New Freddy” Assumes Clean-Up Mission

Markeshia Ricks Photo

Stallings behind the grill on Dixwell.

Sultan Stallings had been in New Haven only a few weeks when he heard about the historical Freddy Fixer Parade and the fictional character who has inspired the black community to clean up since 1962. Stallings, who’s in the process of opening a series of Dixwell Avenue businesses, had an epiphany: I’m Freddy Fixer reincarnated.”

He said his modern-day Freddy mission starts with keeping the outside of the restaurant that he manages, Supreme Eatery Carryout at 300 Dixwell Ave., swept clean every day. It continues with reaching out to neighboring businesses and offering to help to fix up their storefronts.

I want to know what they need to beautify their establishment,” Stallings said, after dropping some fish in hot grease to fry. Whether it’s labor, resources to help paint or fix a roof, and then take that all the way down the street. That’s how it should be in this community.”

Stallings came to New Haven recently from Raleigh, N.C., to manage the carryout. He takes over from outgoing manager Jock Hargraves, who will head to Chicago to help get a carryout, bakery, and grocery store in that city.

Welcome handles the customer service.

The Supreme Eatery Carryout, which specializes in high-quality fish and chicken-based dishes, has been operating out of a brightly painted yellow and orange storefront for about a year. It was a popular spot on Wednesday as teachers from nearby Amistad High School popped over to pick up lunch.

Stallings said soon other Supreme businesses will open down the street, including a bakery at 899 Dixwell Ave. and a breakfast parlor at 1351 Dixwell, part of a social mission to promote self-determination and pride in the black community.

An artist affiliated with The Value Creators creates all of the artwork featured in Supreme food stores.

The businesses will join a growing chain of such businesses that have opened in Virginia, Maryland, and Atlanta in predominately black neighborhoods that have been slow to recover from the ravages of crime, drugs, and disinvestment.

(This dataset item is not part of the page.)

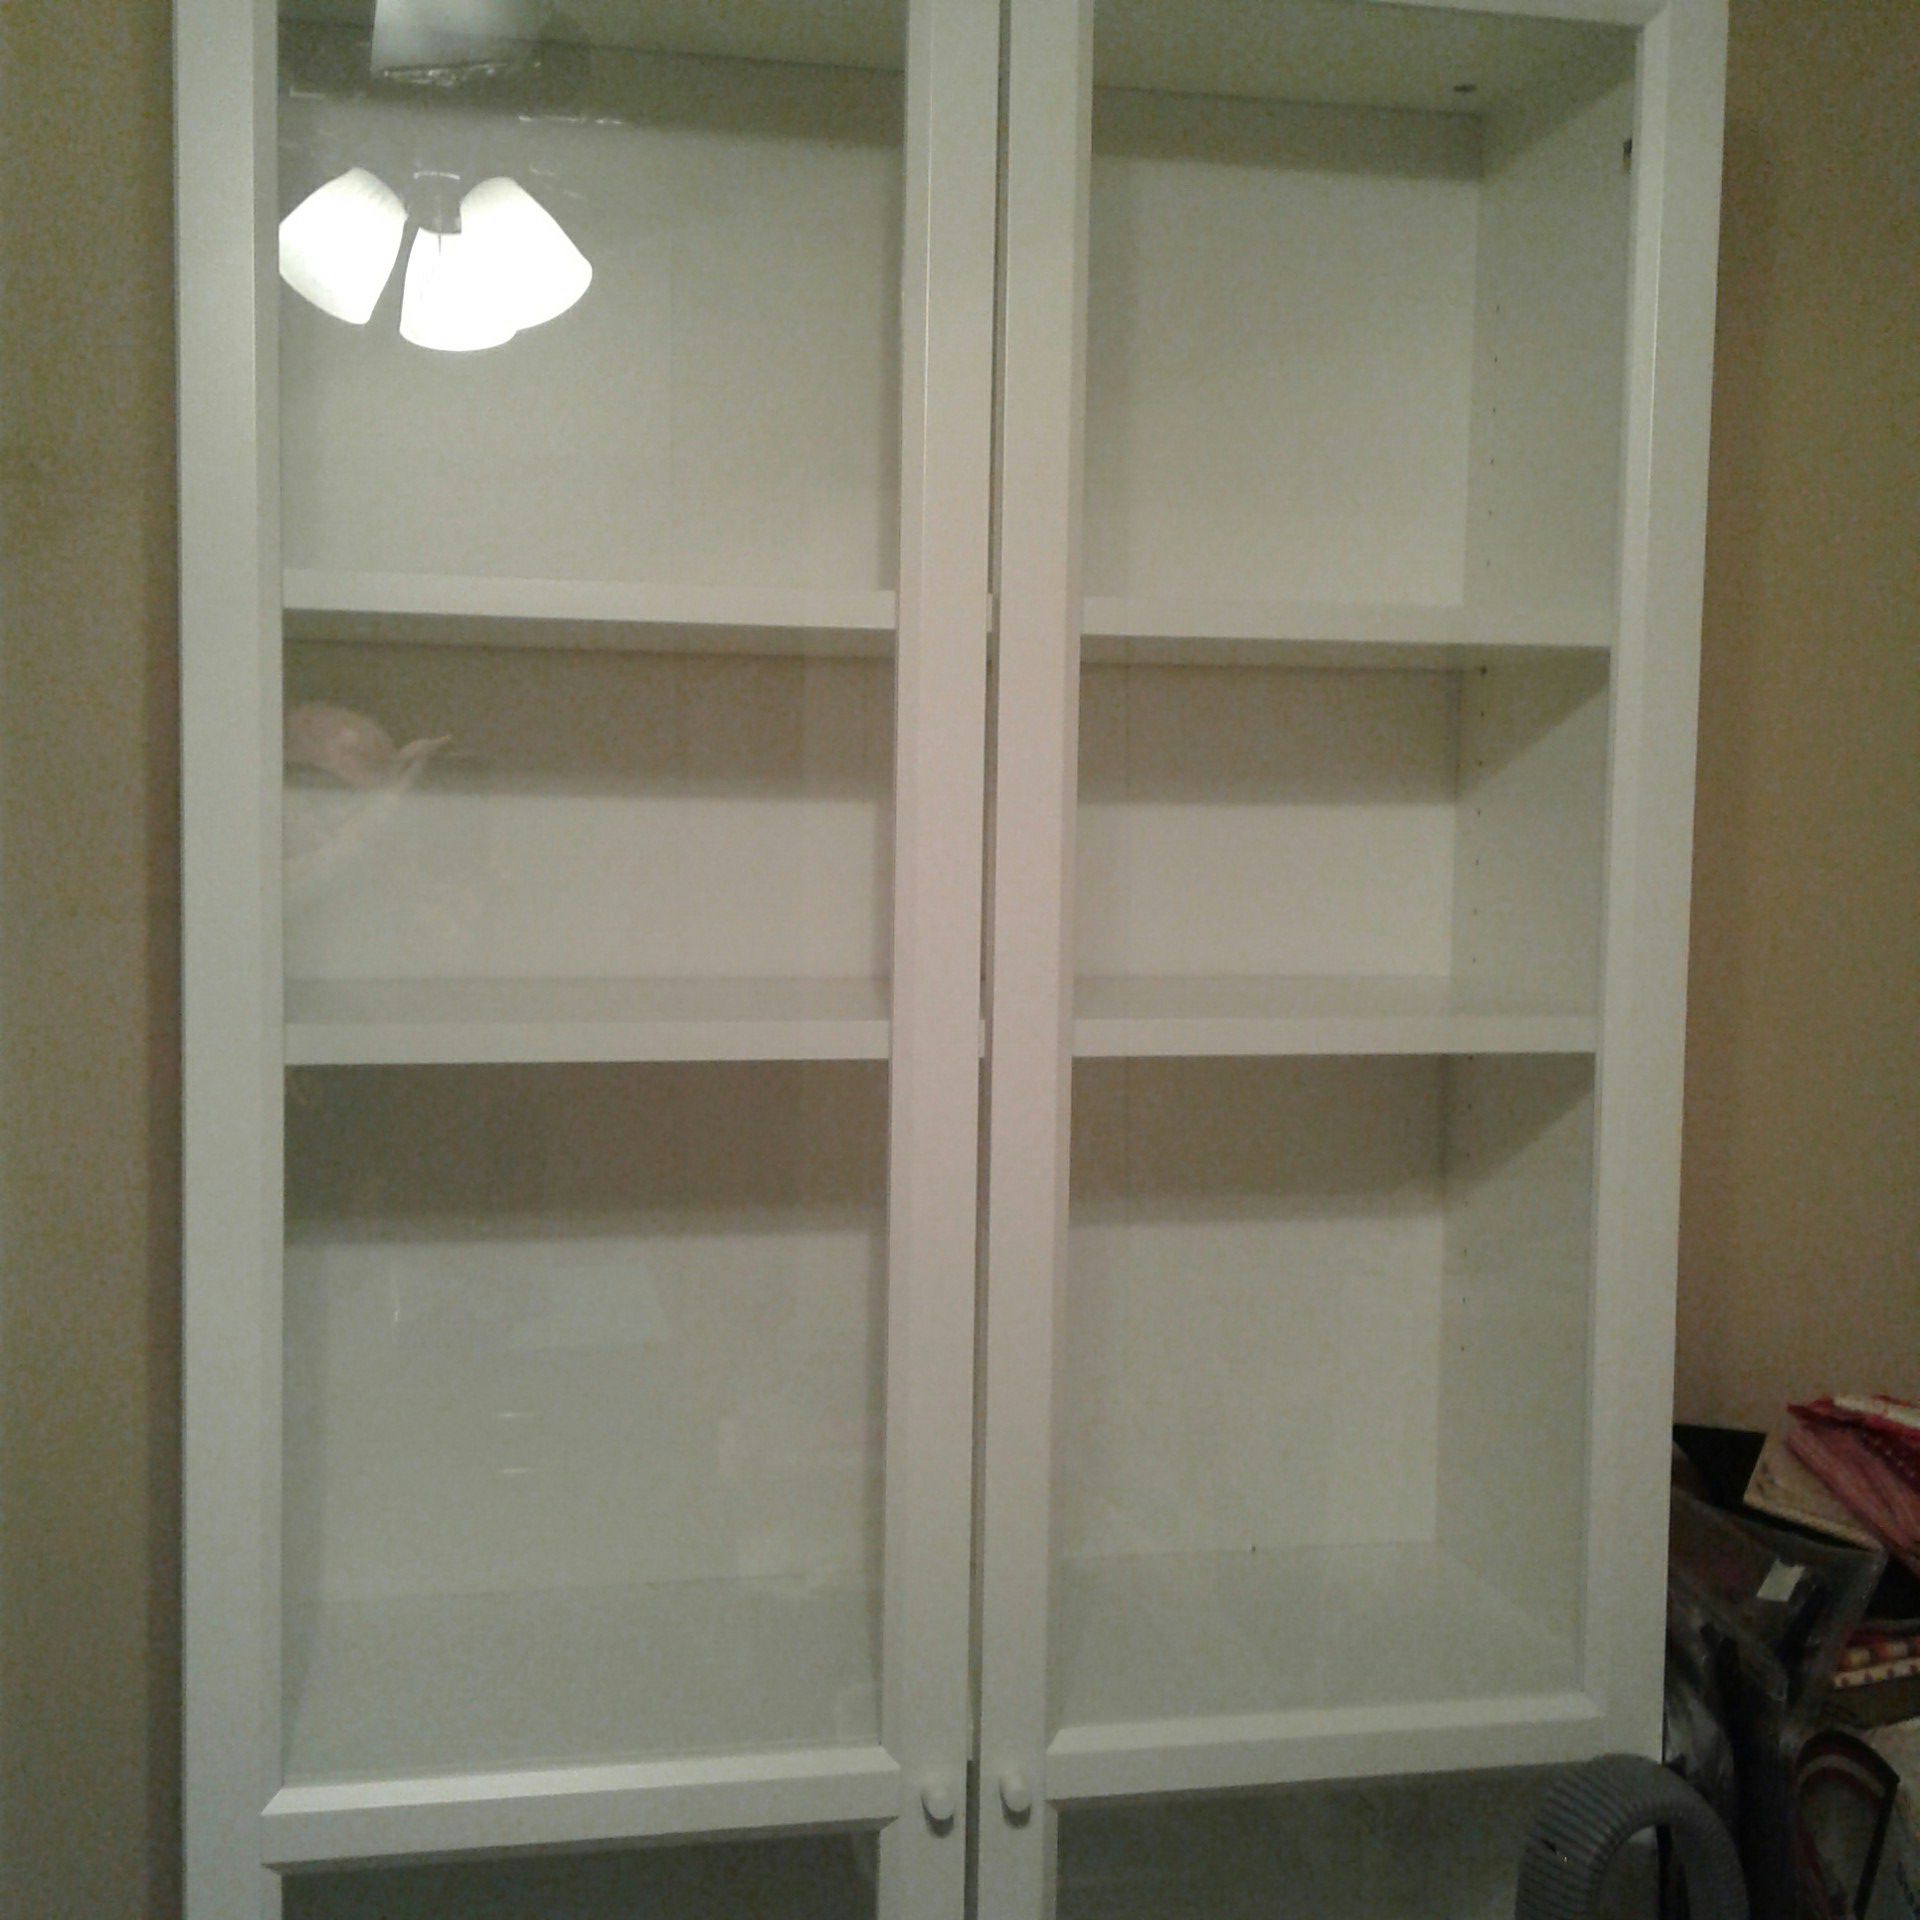 Cabinet w/glass doors. Billy style from Ikea.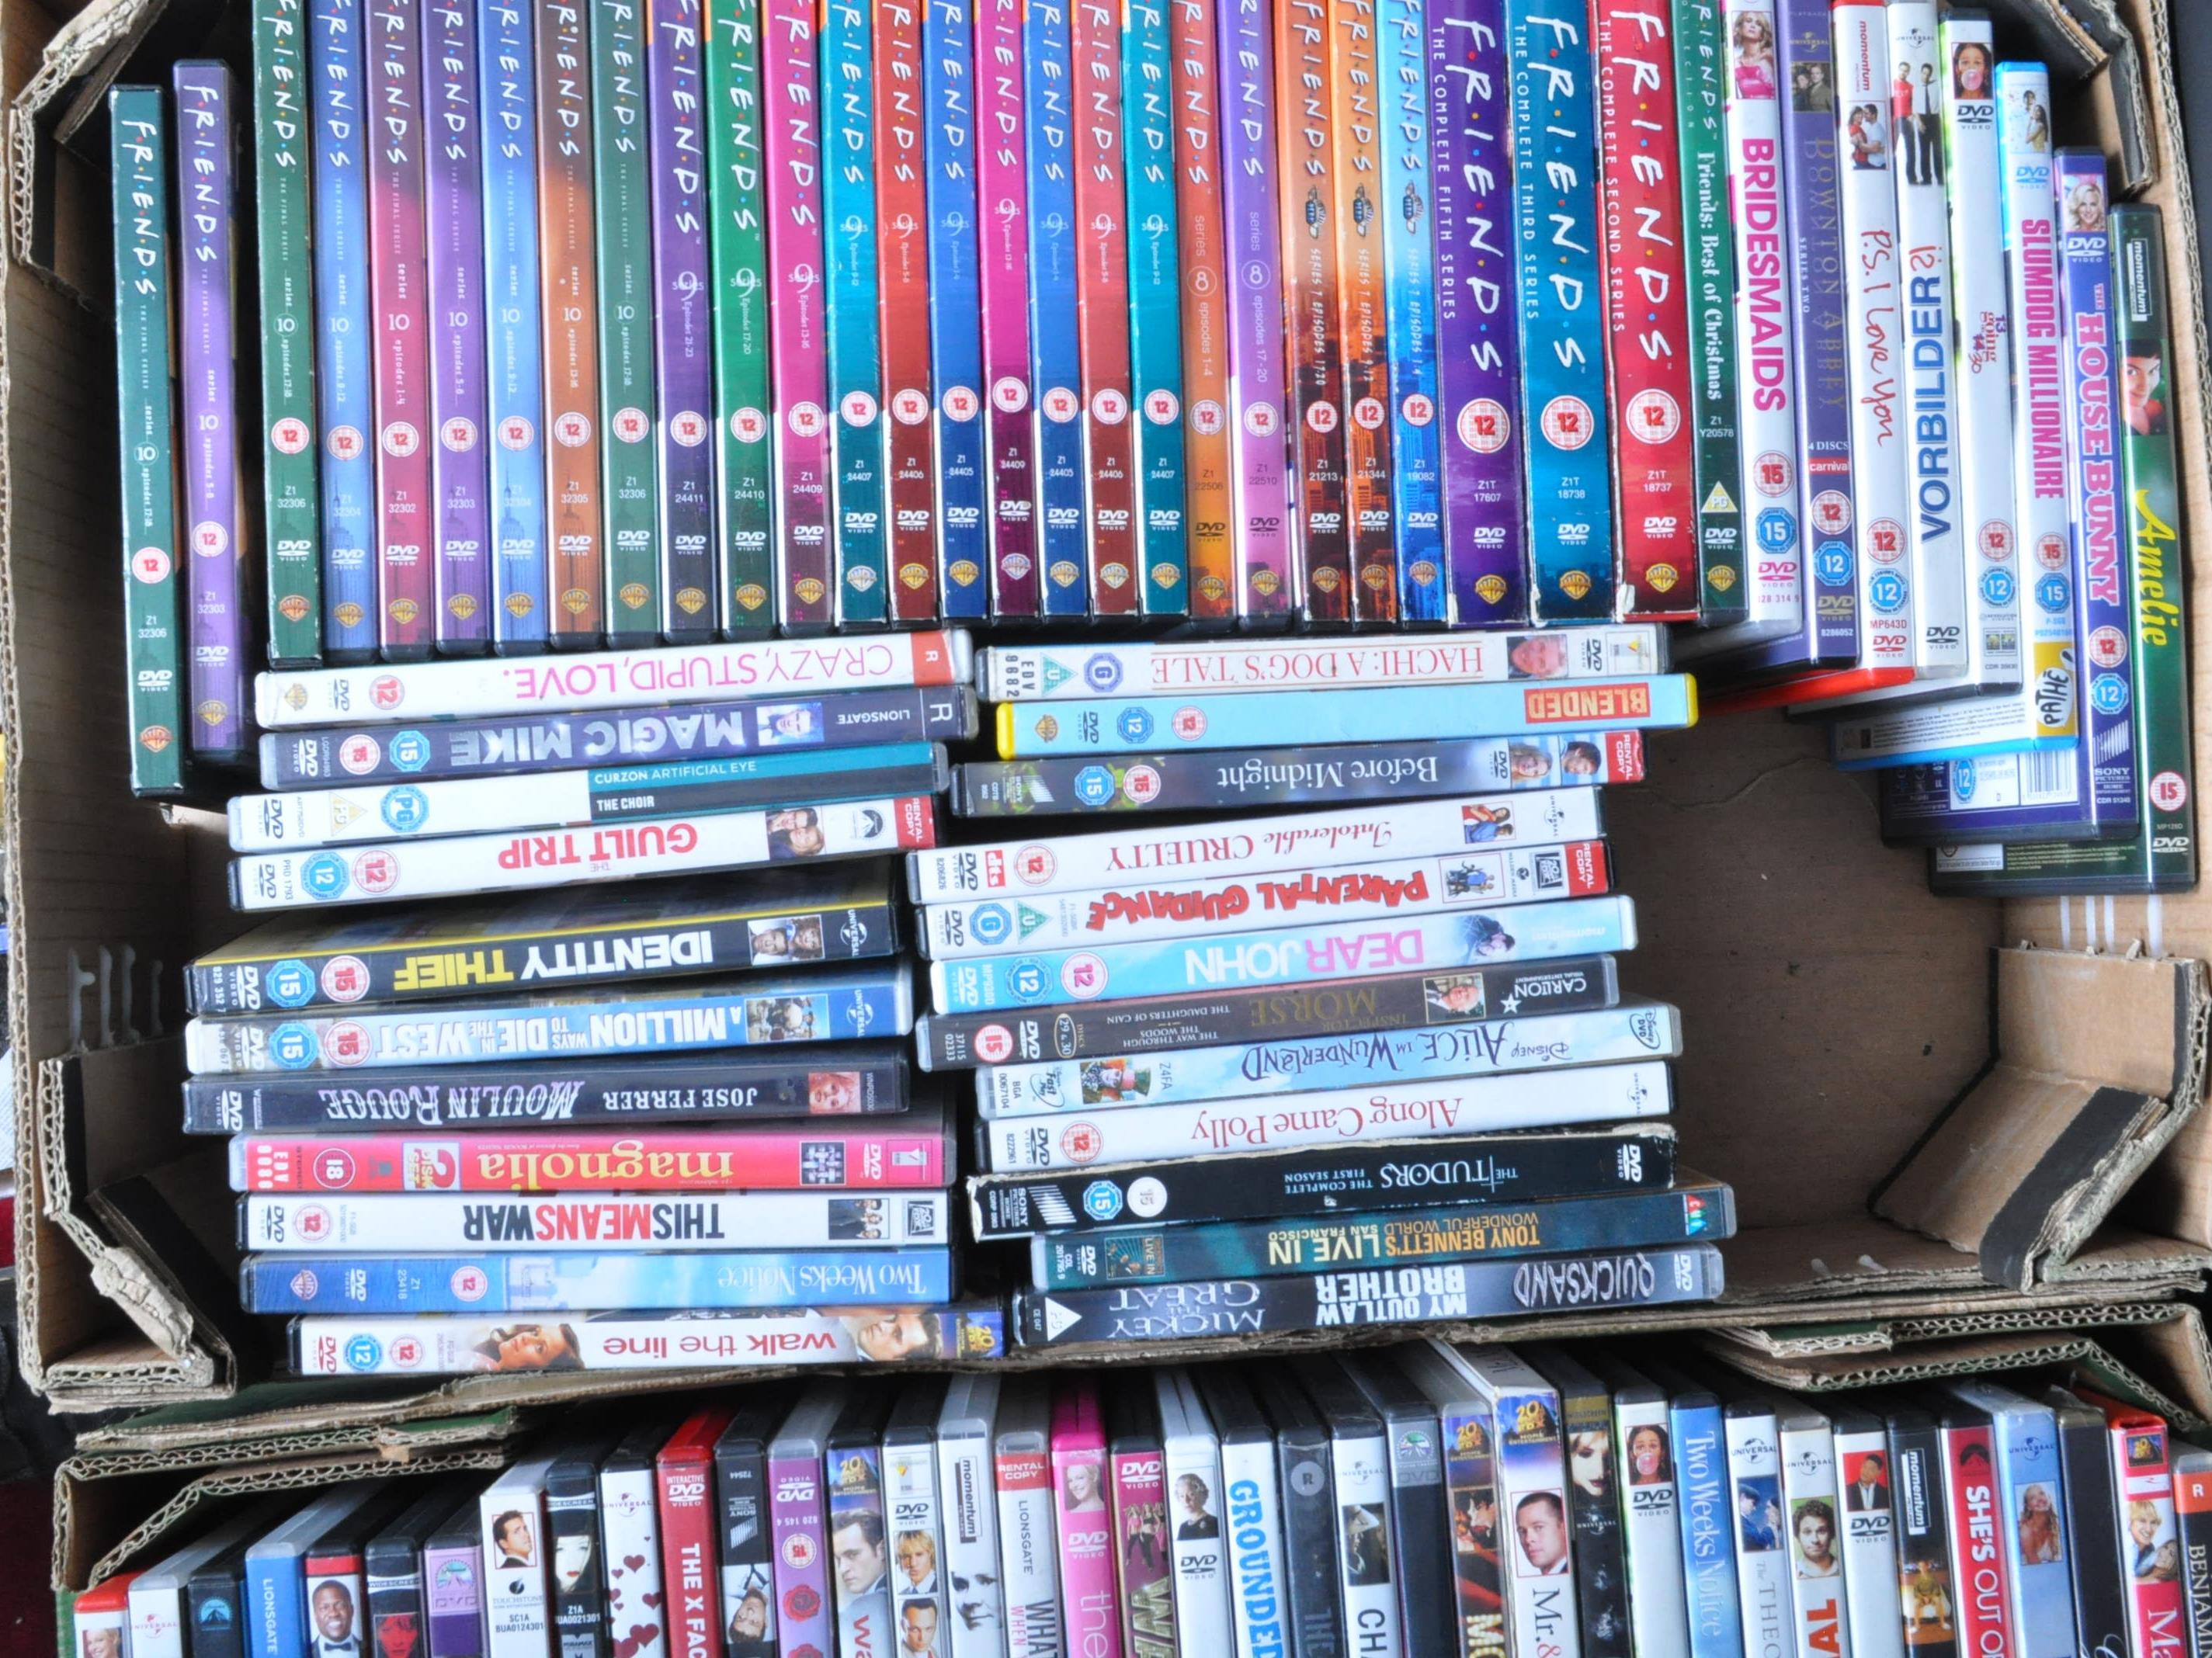 LARGE COLLECTION OF DVD FILMS - 'CHICK FLICK' GENRE & MORE

Stallings said the businesses are the brainchild of The Value Creators, an arm of the United Nation of Islam that focuses on entrepreneurship.

Our goal is to restore life and the planet back to its original design,” he said. That means we must clean up the water, clean up the air and the food.”

Jock Hargraves, Alonya Muhammad, Ronchelle Welcome and Sultan Stallings

The hallmark of the business is cooperative work. Stallings said everyone who works for one of the Supreme businesses is an unpaid volunteer.

The business takes care of us,” he said. We’re a group of like-minded folks who understand that either you’re going to do it or allow it to be done.”

Further down Dixwell, a new bakery will be pumping out bread, bean pies, and other treats like these cookies.

Instead of waiting for outside corporate interests to come in and take from the community, he said, The Value Creators see an opportunity to give back. And people have got to eat.

You need three things to sustain life,” Stallings, a California native and former truck driver, said. That’s food, clothing, and shelter.”

Part of the mission of the Supreme food chain is to raise the quality of the food that comes into communities that often lack places to obtain fresh meats and vegetables.

When we start eating right — according to how our body is designed, it will align and allow us to experience life the way it is designed to be,” Stallings said. Your body will be feeling better, your thoughts will be clearer. There will be no mood swings.”

Former manager Hargraves, a transplant from Baltimore, said that on occasion people balk at Supreme’s prices because nearby carry-outs offer some similar food for less. But once they taste the quality of Supreme they understand why prices are a little higher, he said.

Ronchelle Welcome, who is originally from Florida, said many of the people who hang out on the street near the restaurant have come to understand the effort that it takes to keep the store’s appearance up. And they’ve taken some ownership of it too.

Those hanging out front won’t allow people to [litter],” she said. The changes have already started.”

Freddy Fixer reincarnated offered one more vision for Dixwell: a big day of service when people grab their brooms, a trash bag, maybe even a paintbrush and some tools, and really clean up the neighborhood.